- RECORDED DATA -
______

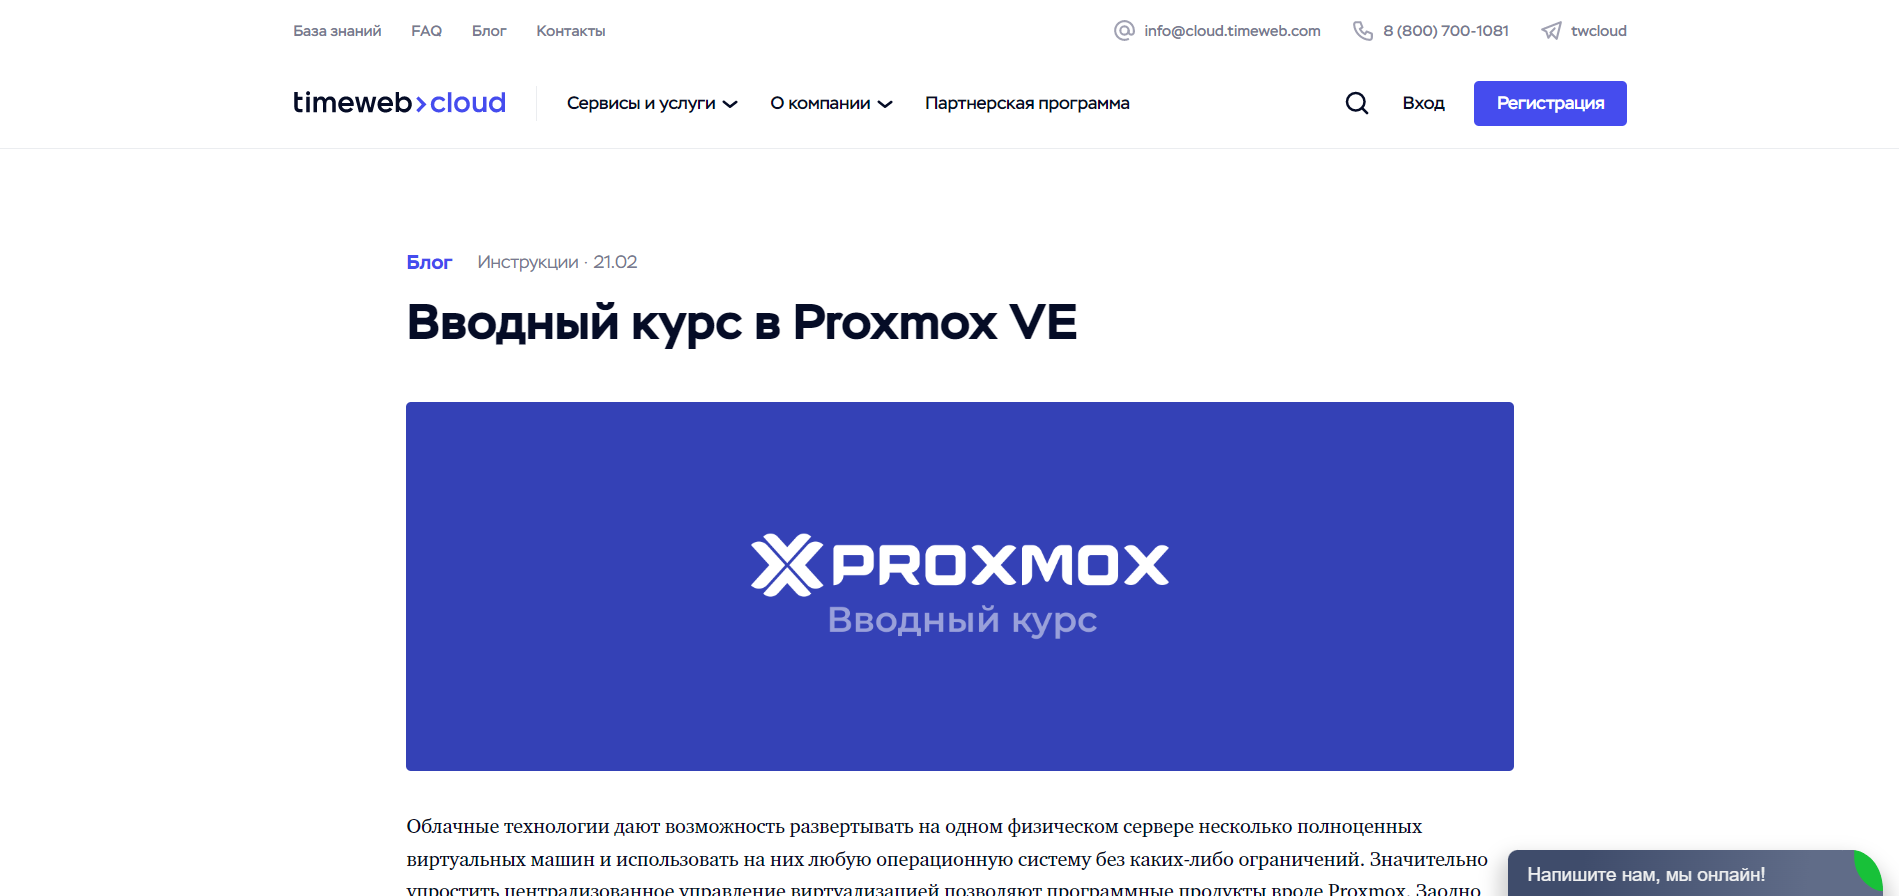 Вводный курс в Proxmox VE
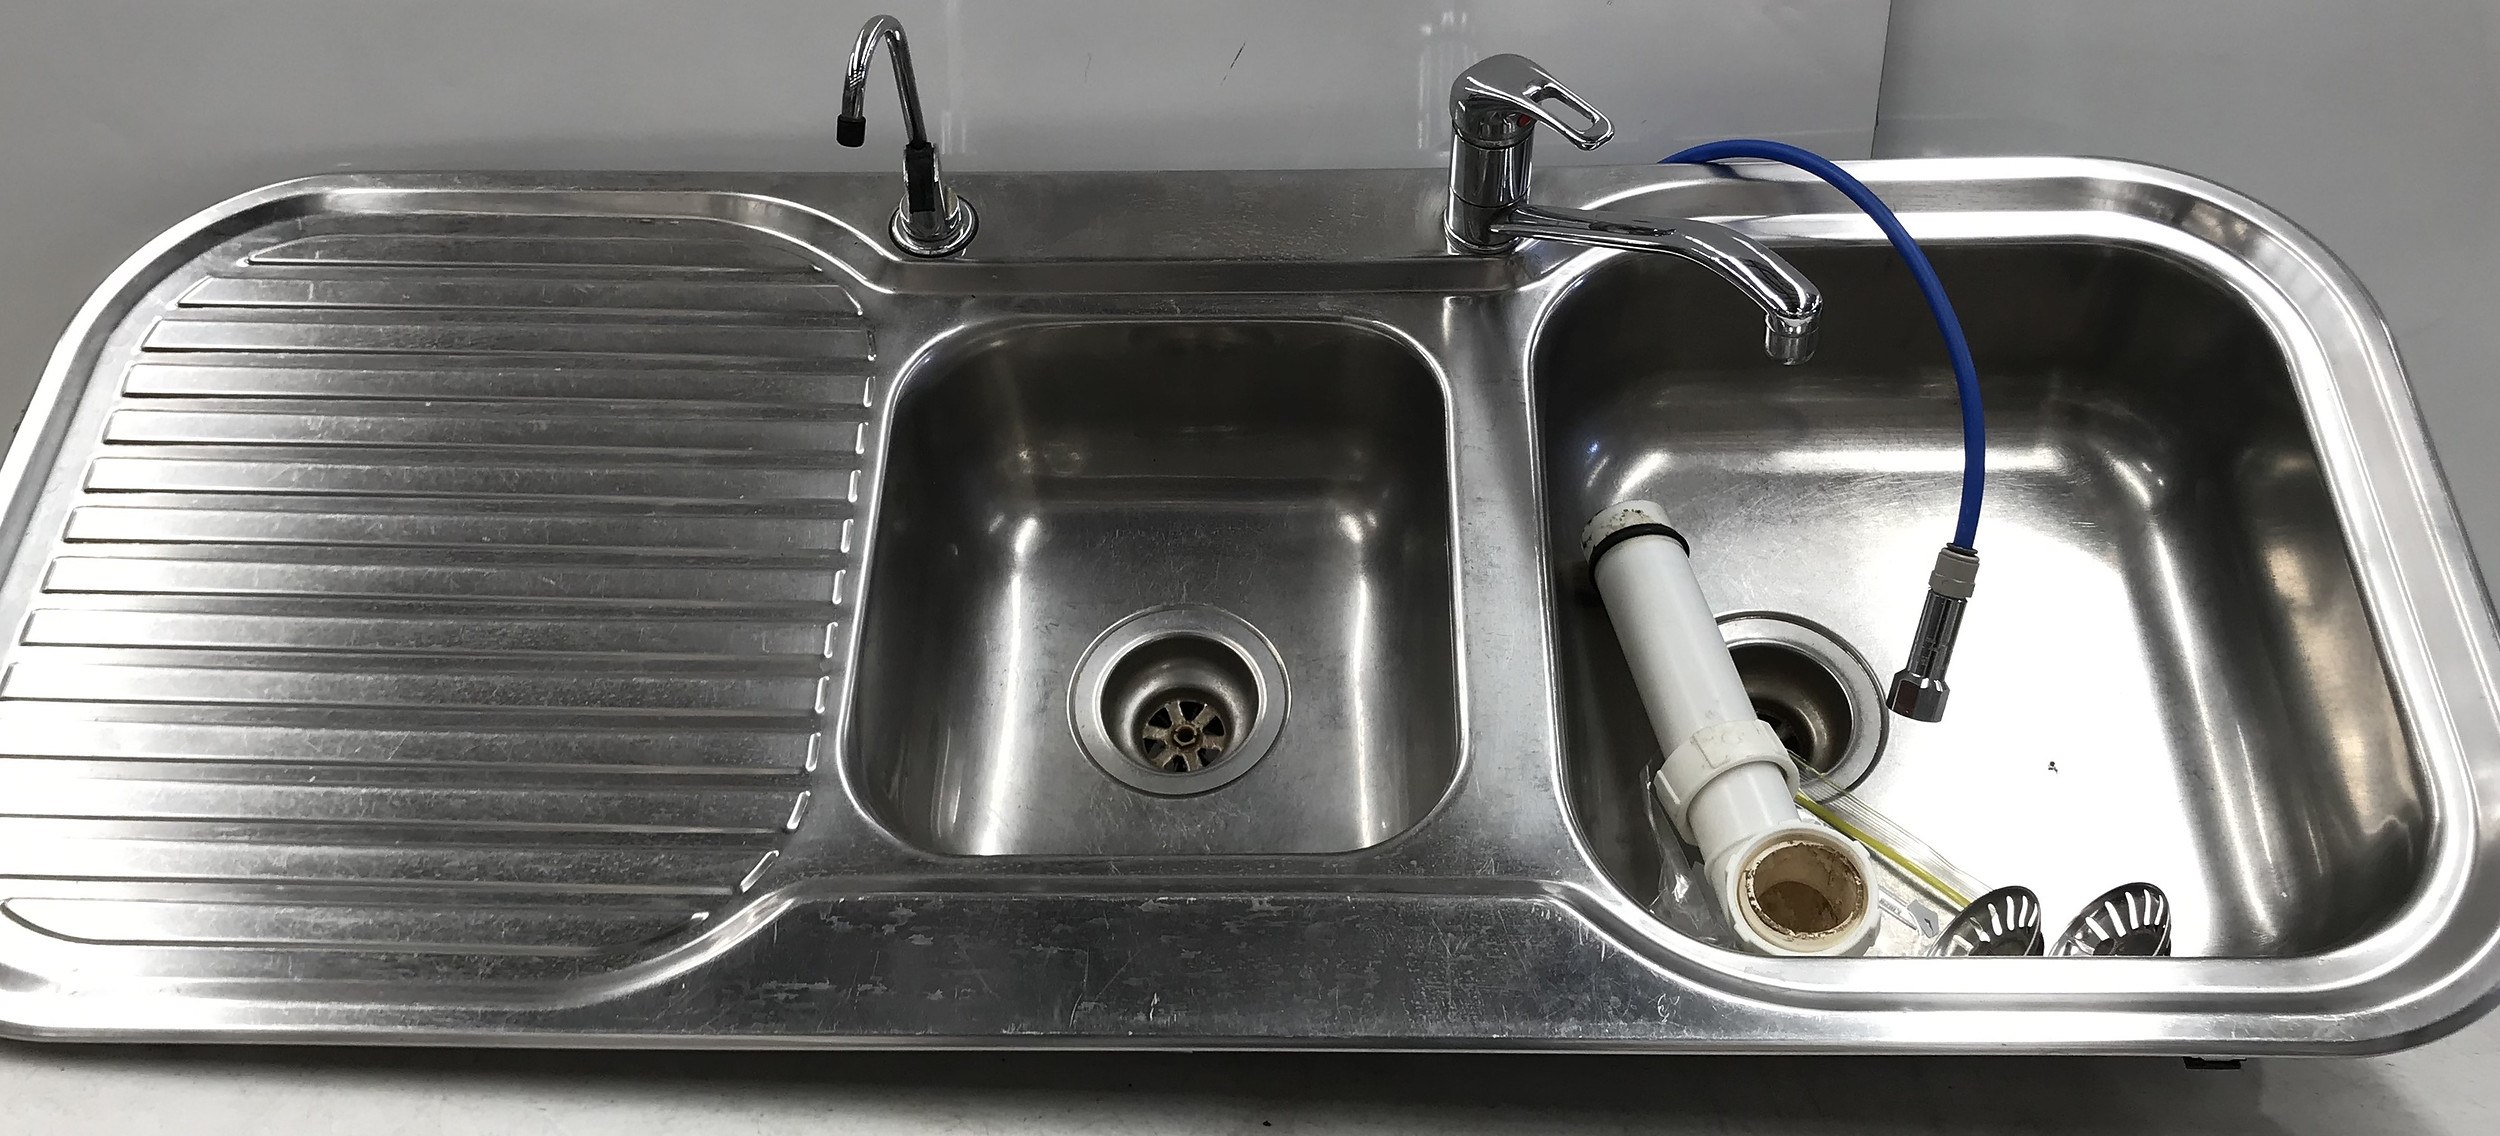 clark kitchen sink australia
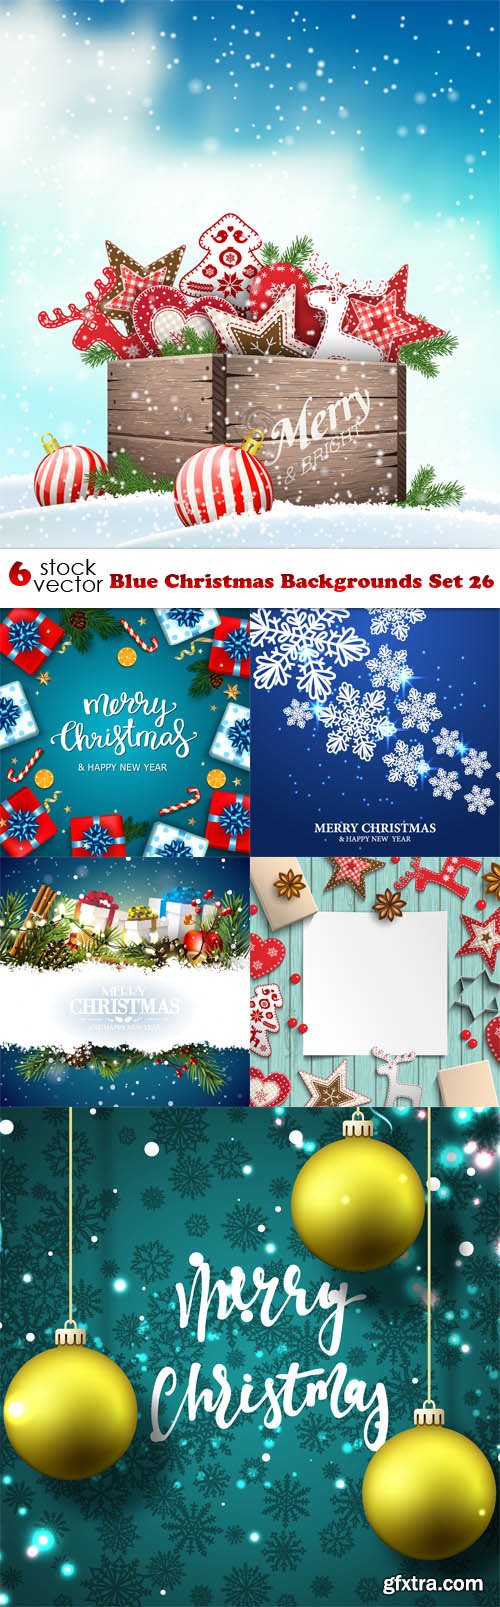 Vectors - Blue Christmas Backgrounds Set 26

______

- WORK INSTRUCTION -
Please give all of the material again, exactly, without the images.

- FINISHED TASK -
 Вводный курс в Proxmox VE
 clark kitchen sink australia
 Vectors - Blue Christmas Backgrounds Set 26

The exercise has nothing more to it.